#### Problem statement
Images are not part of the copy; write out the rest of the data exactly as given.

=======

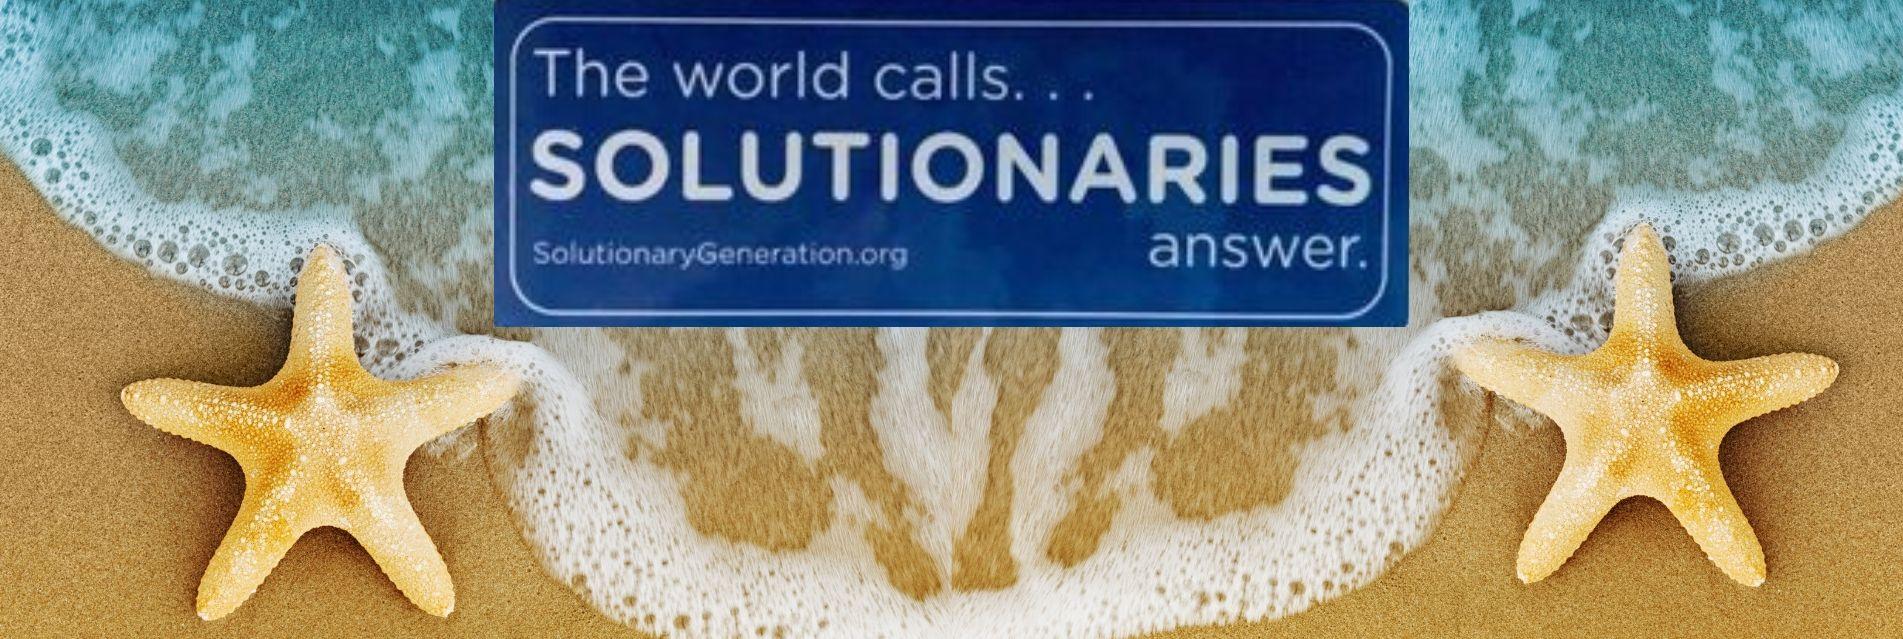 solutionary
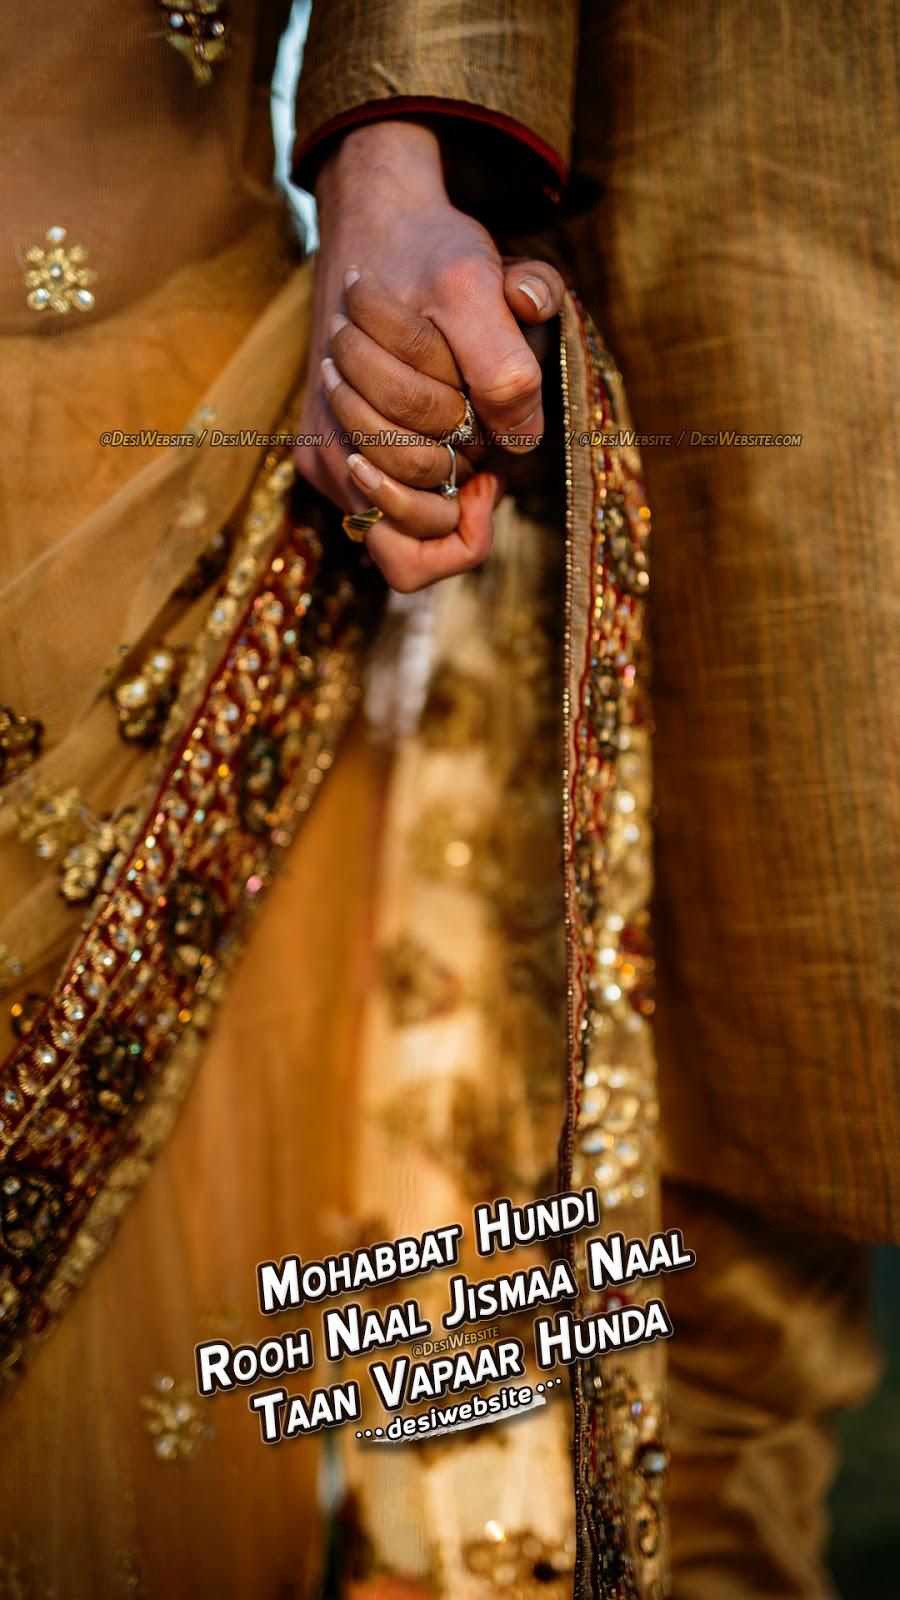 Mohabbat Hundi Rooh Naal - desi website
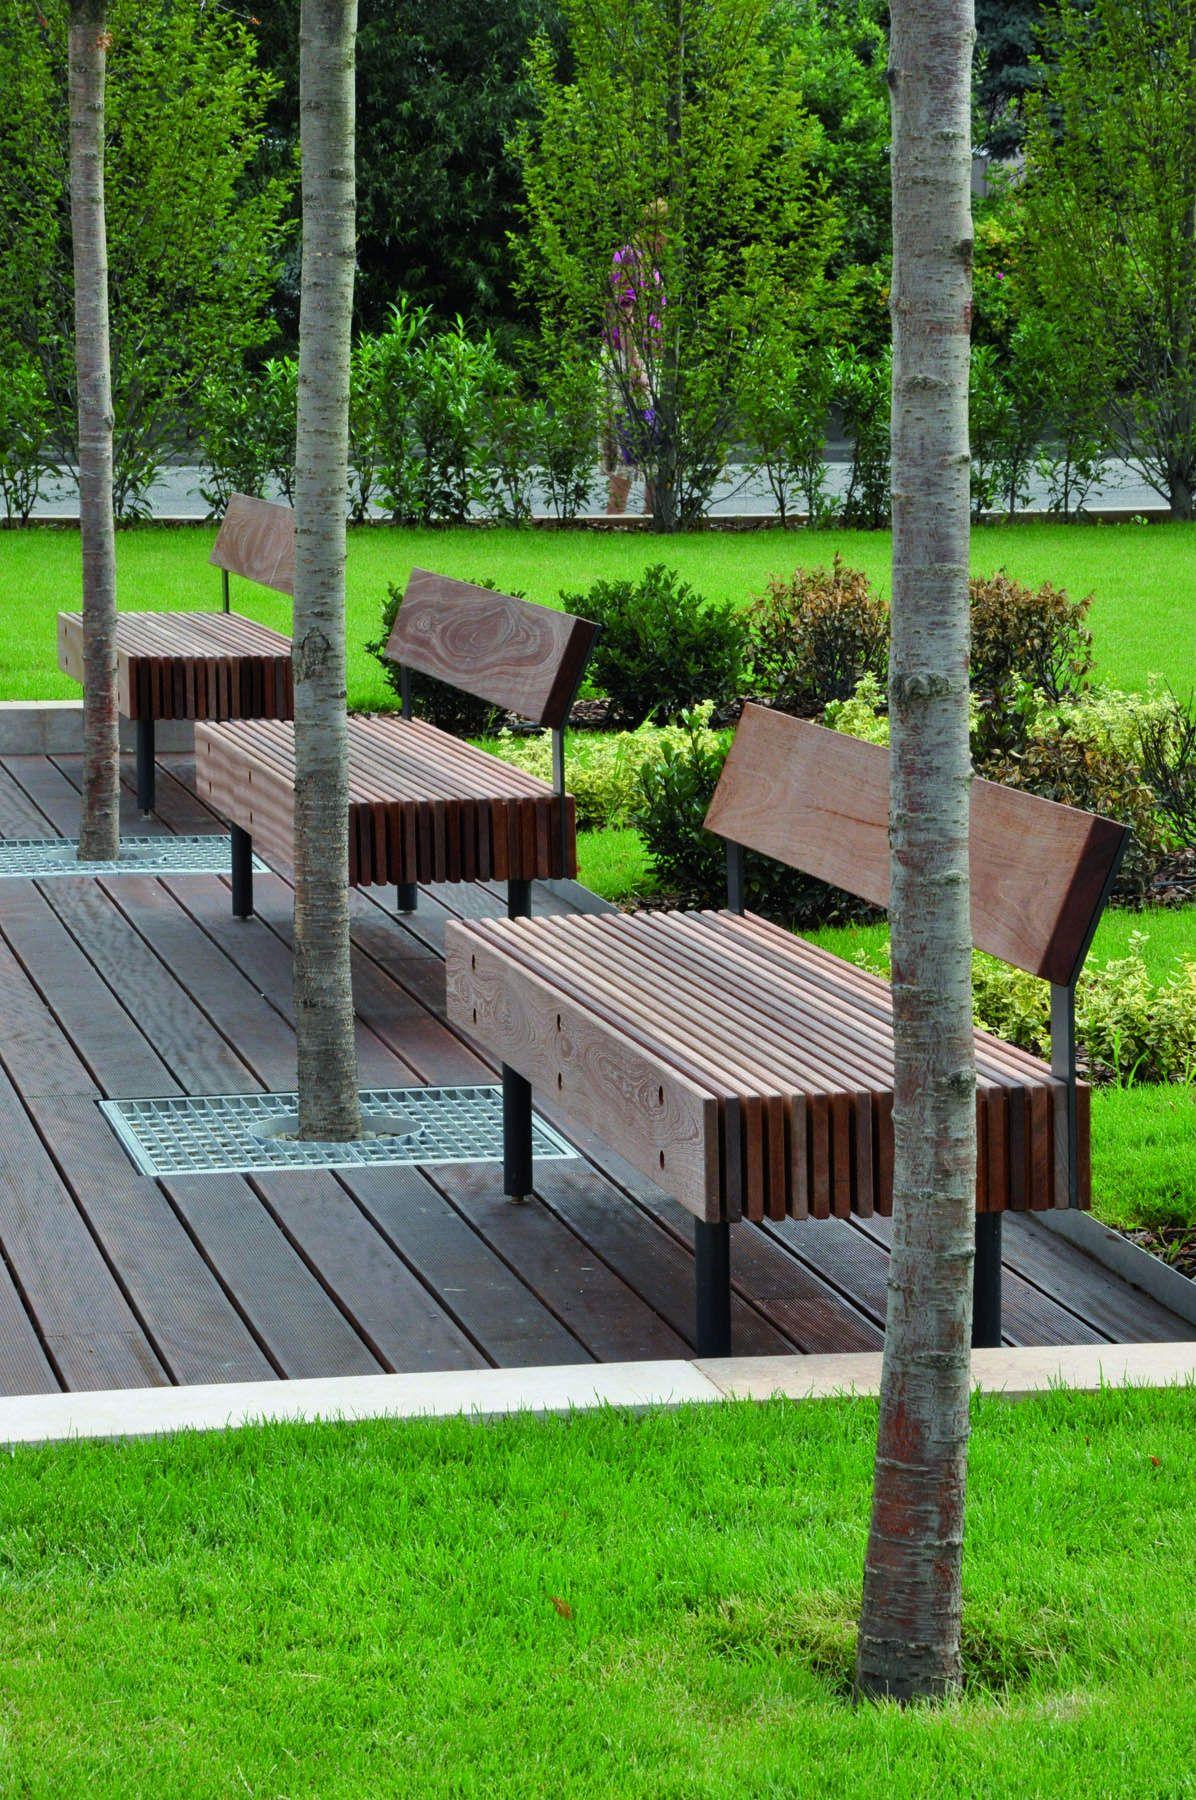 Banco Modelo E49 Bench Wood Modern Urban Furniture  # Meble Narcisse
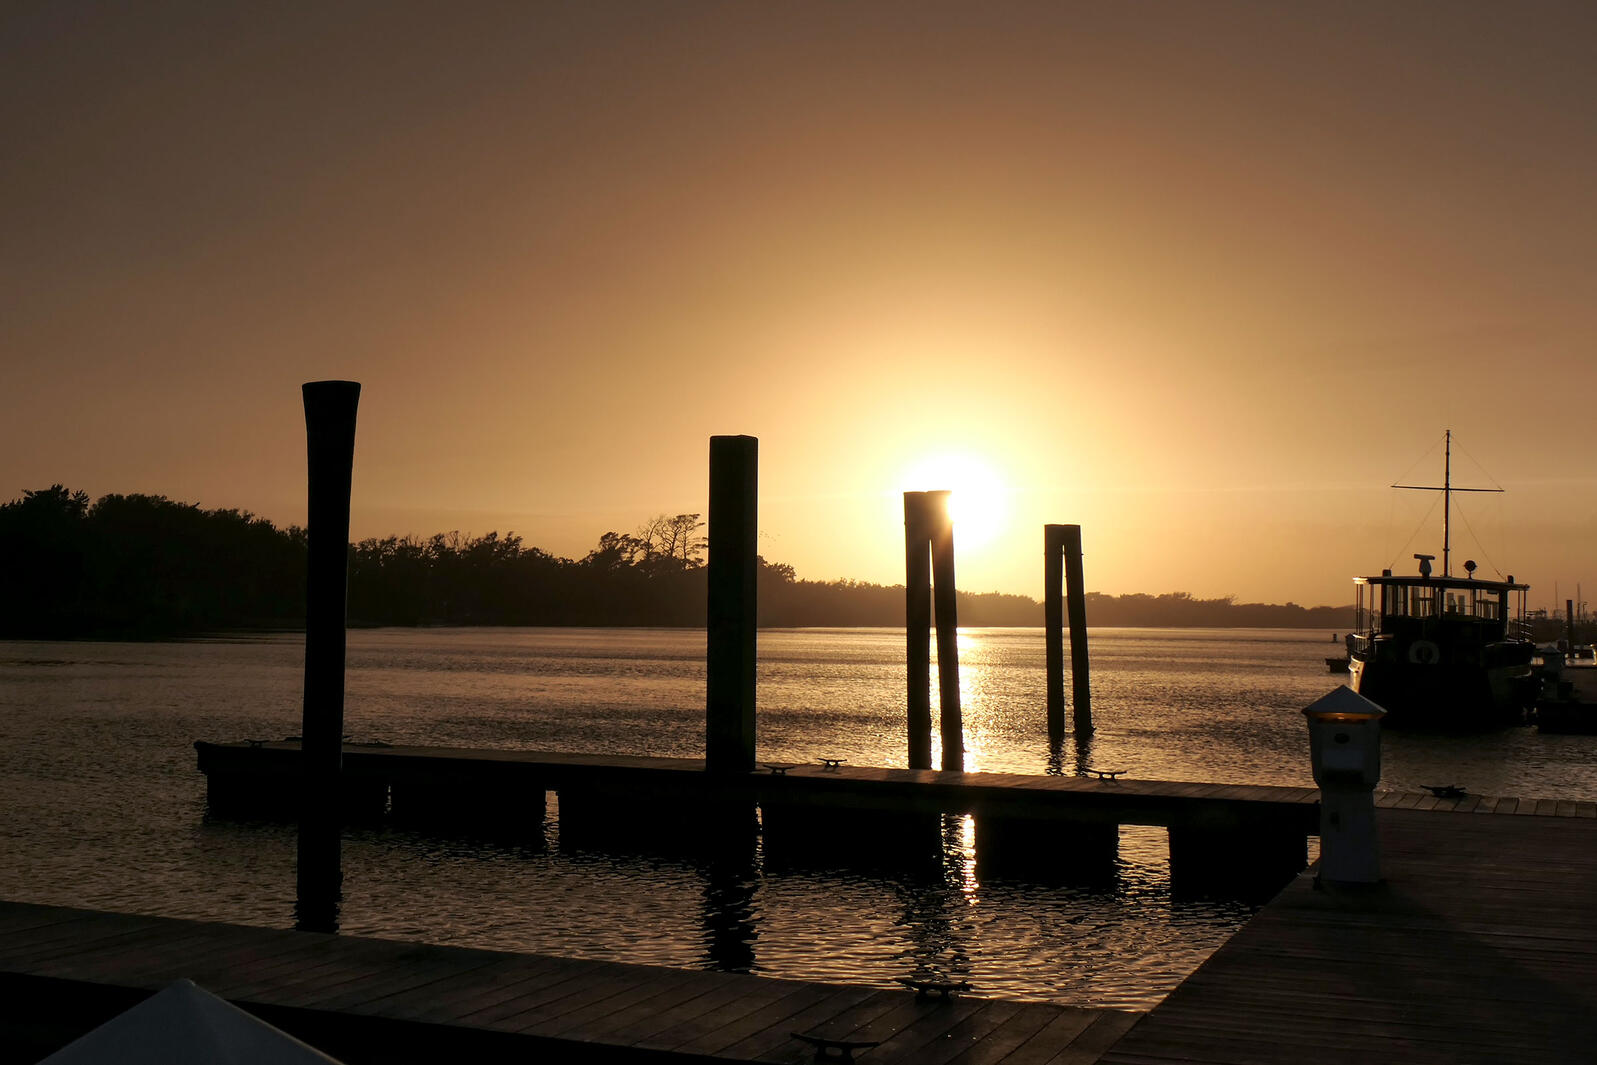 The docks in Beaufort, North Carolina, where the author's adventure began. Megan Mayhew Bergman
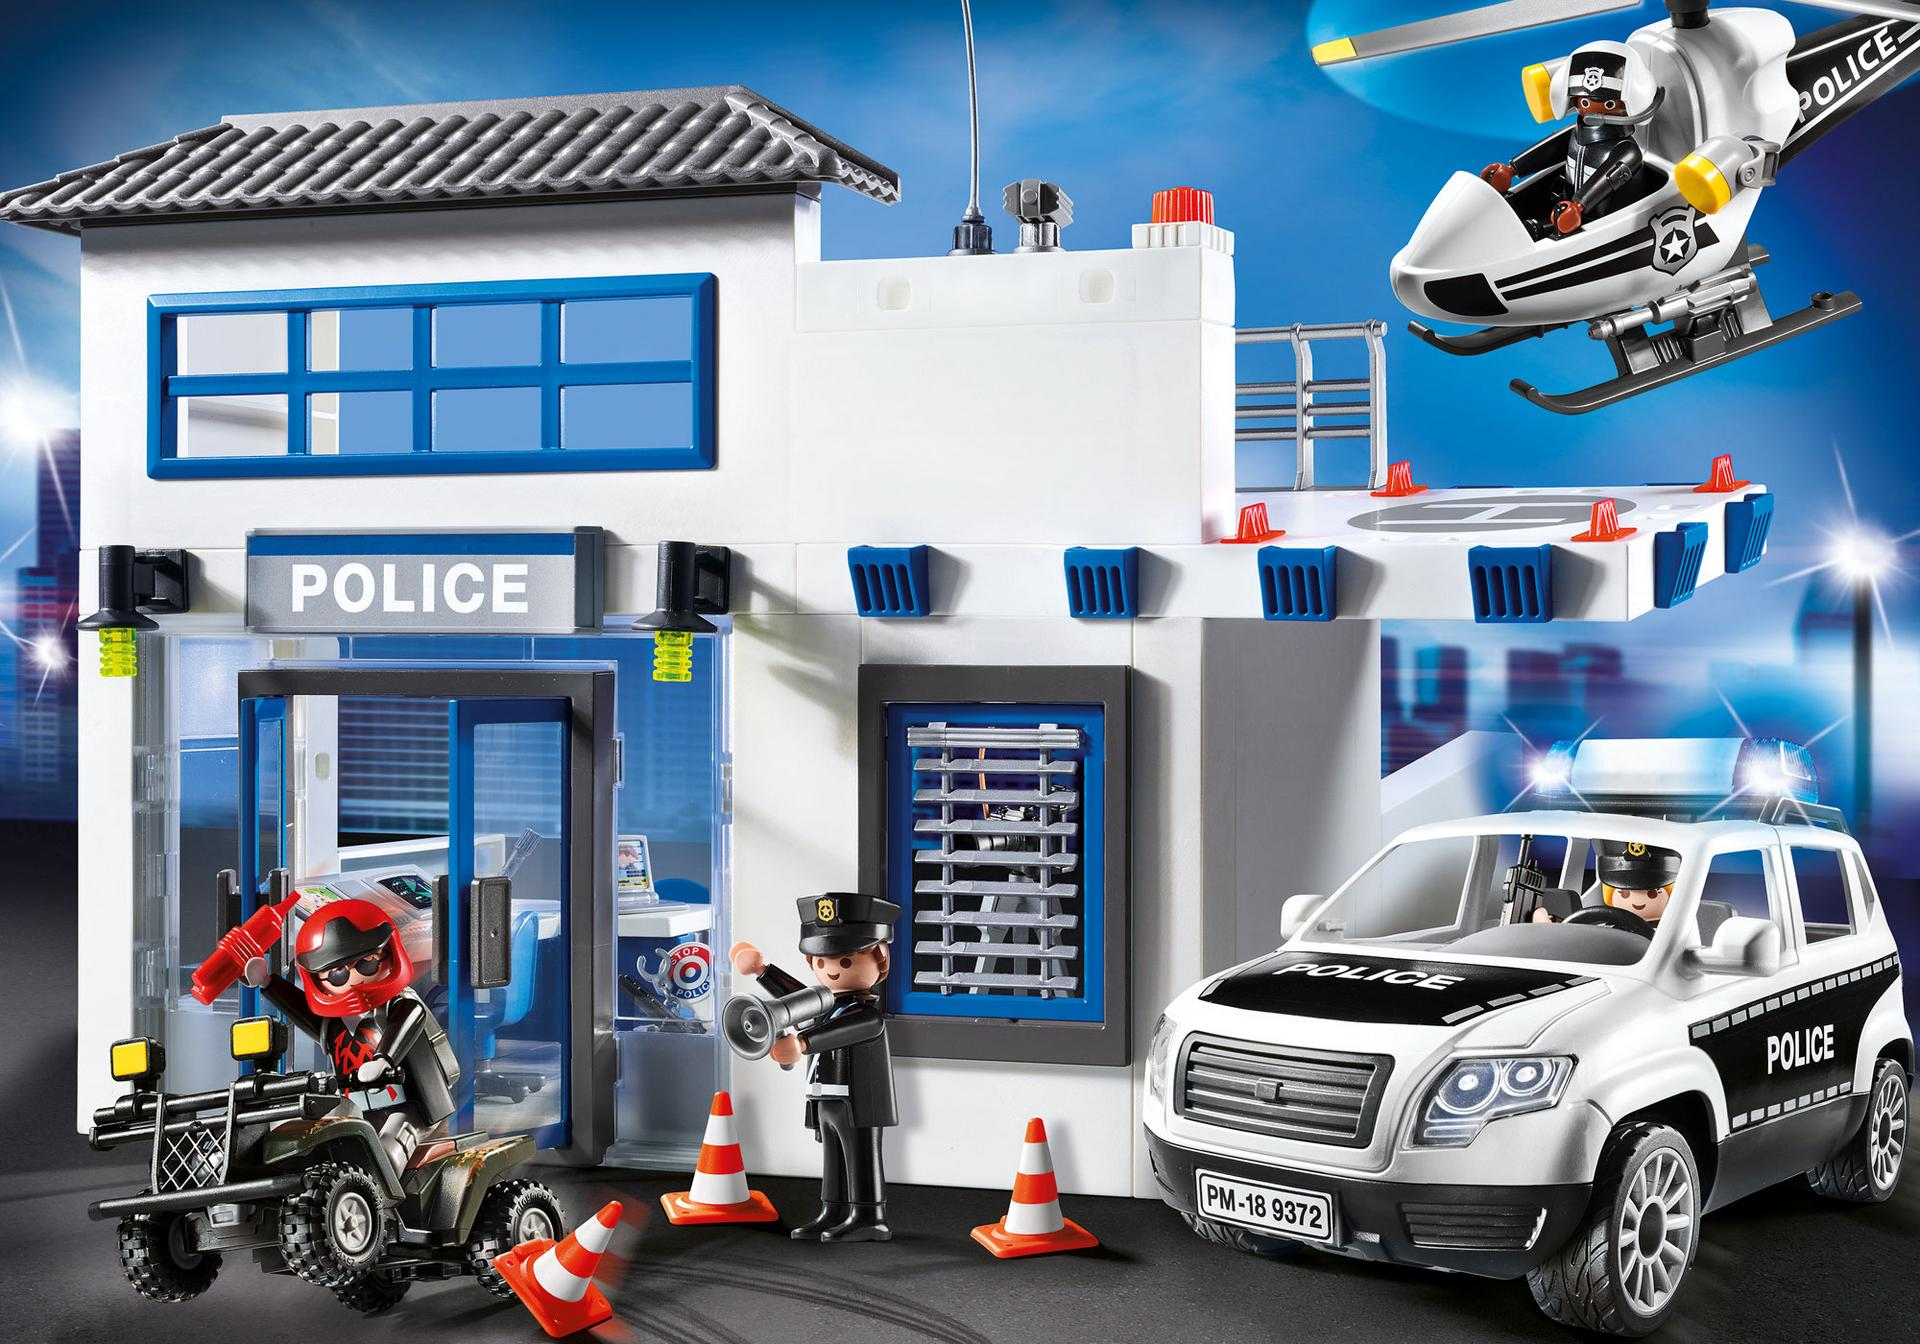 Polizeistation 9372 playmobil deutschland - Caserne de police playmobil ...

=======

#### Reply
 solutionary
 Mohabbat Hundi Rooh Naal - desi website
 Banco Modelo E49 Bench Wood Modern Urban Furniture  # Meble Narcisse
 The docks in Beaufort, North Carolina, where the author's adventure began. Megan Mayhew Bergman
 Polizeistation 9372 playmobil deutschland - Caserne de police playmobil ...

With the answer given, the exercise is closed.